> DATA PROVIDED:
§ §
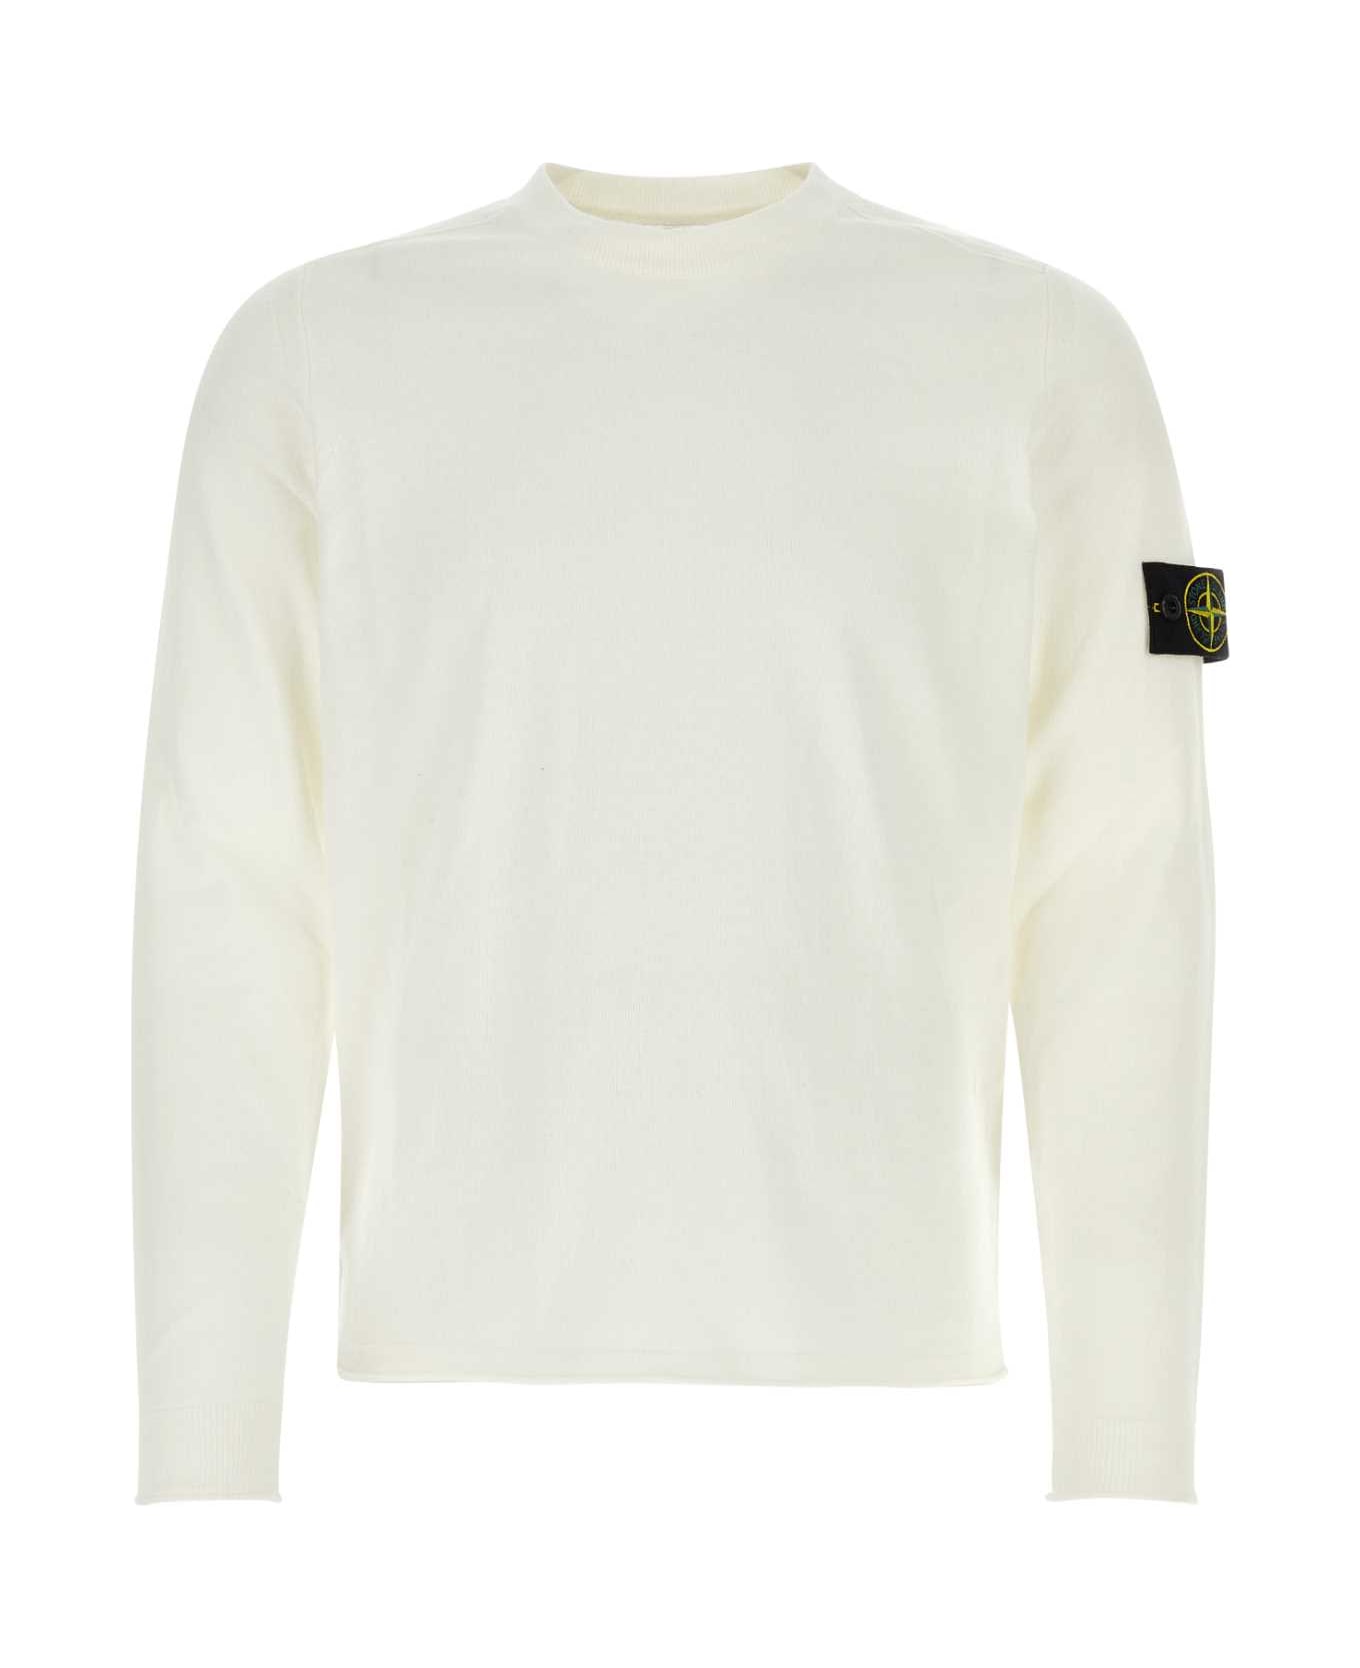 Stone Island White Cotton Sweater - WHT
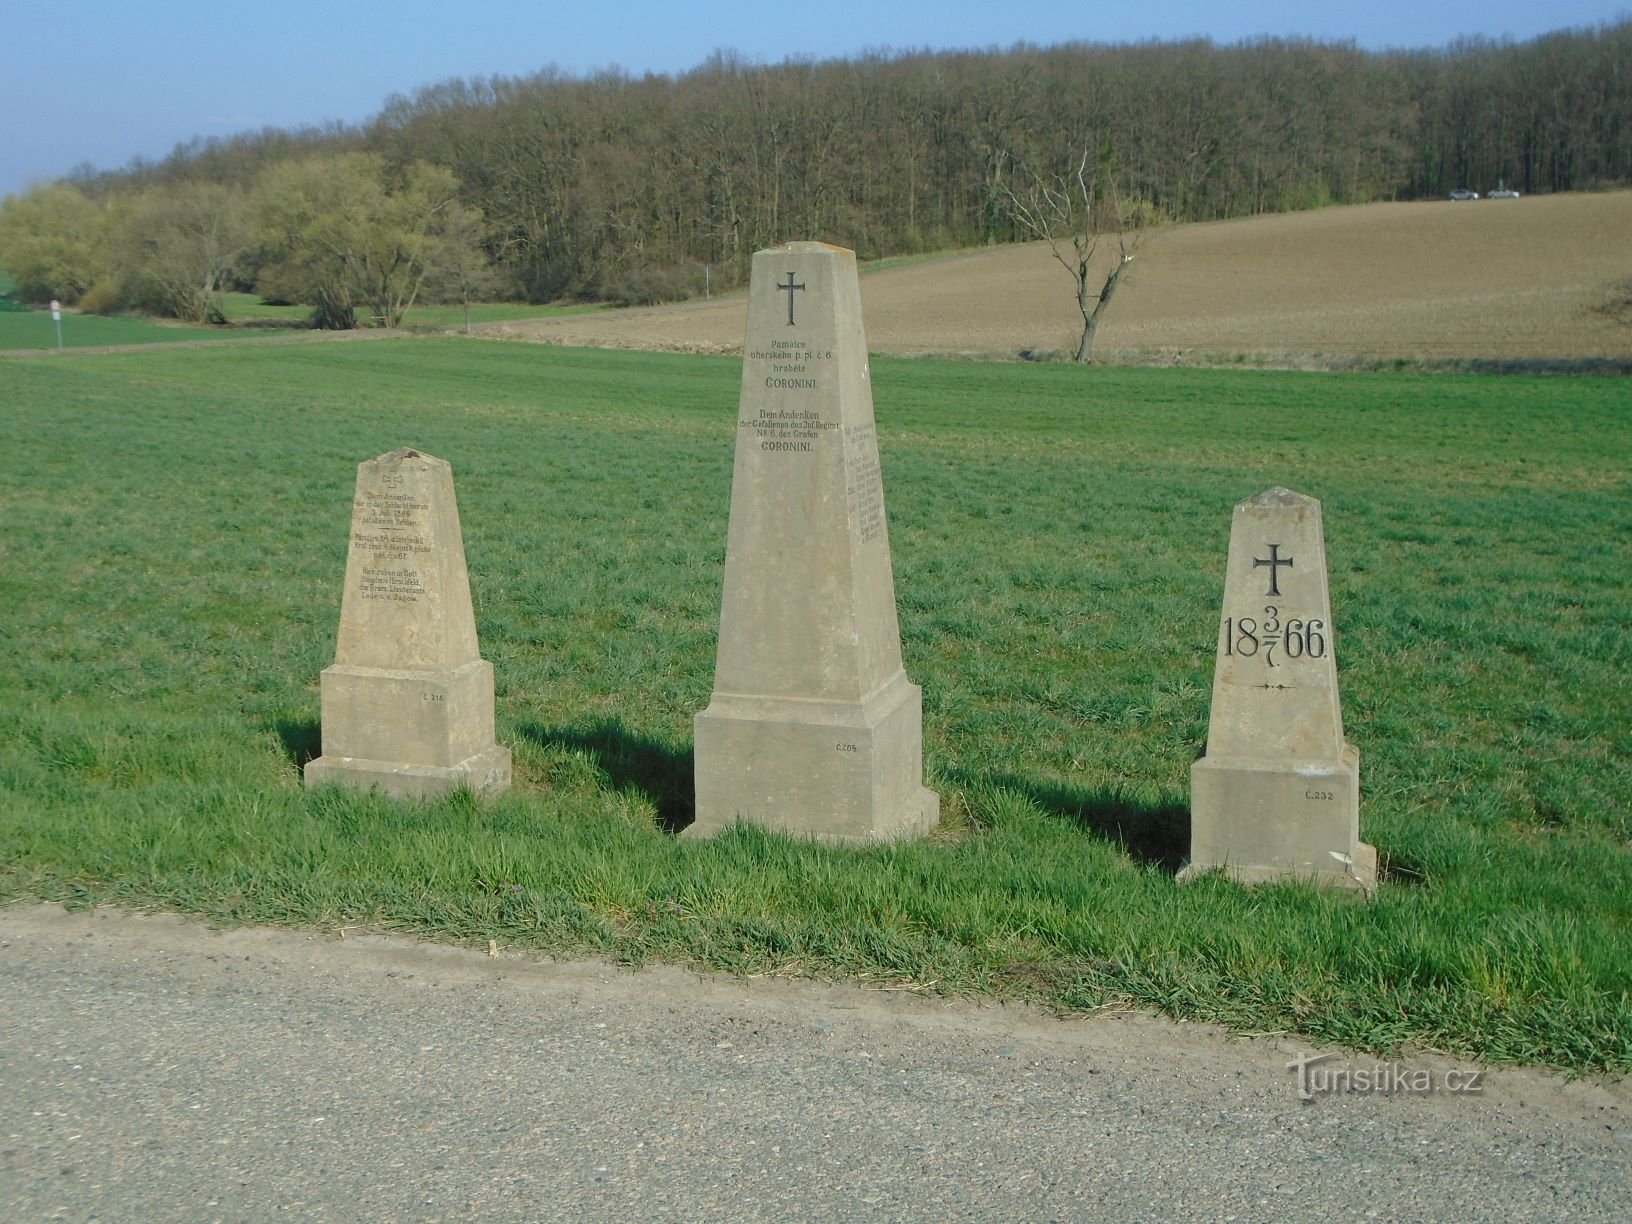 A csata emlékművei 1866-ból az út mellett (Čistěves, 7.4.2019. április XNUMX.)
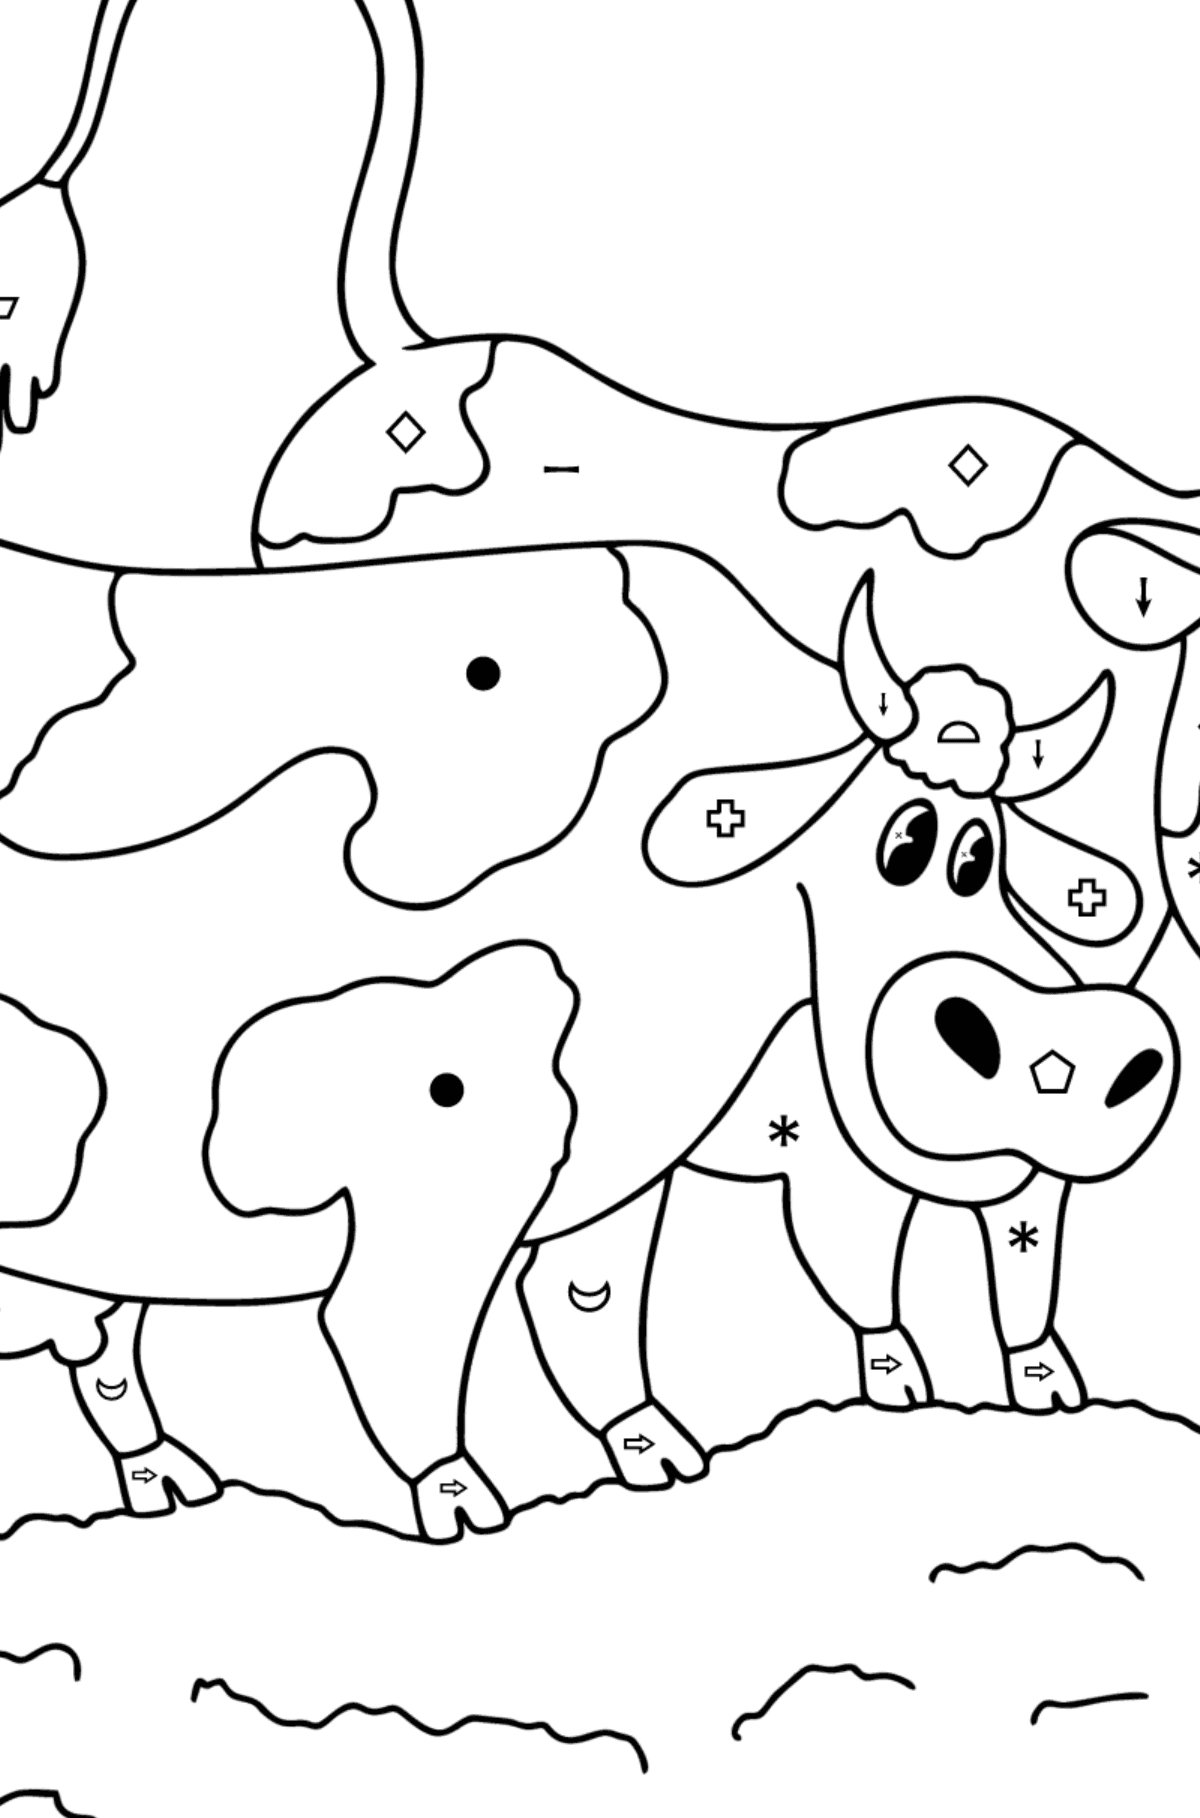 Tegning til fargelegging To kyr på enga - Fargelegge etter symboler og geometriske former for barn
§ §
> ACTIVITY: Could you reproduce all of the material exactly? Keep the pictures out of it.

> TASK SOLUTION:
 Stone Island White Cotton Sweater - WHT
 A csata emlékművei 1866-ból az út mellett (Čistěves, 7.4.2019. április XNUMX.)
 Tegning til fargelegging To kyr på enga - Fargelegge etter symboler og geometriske former for barn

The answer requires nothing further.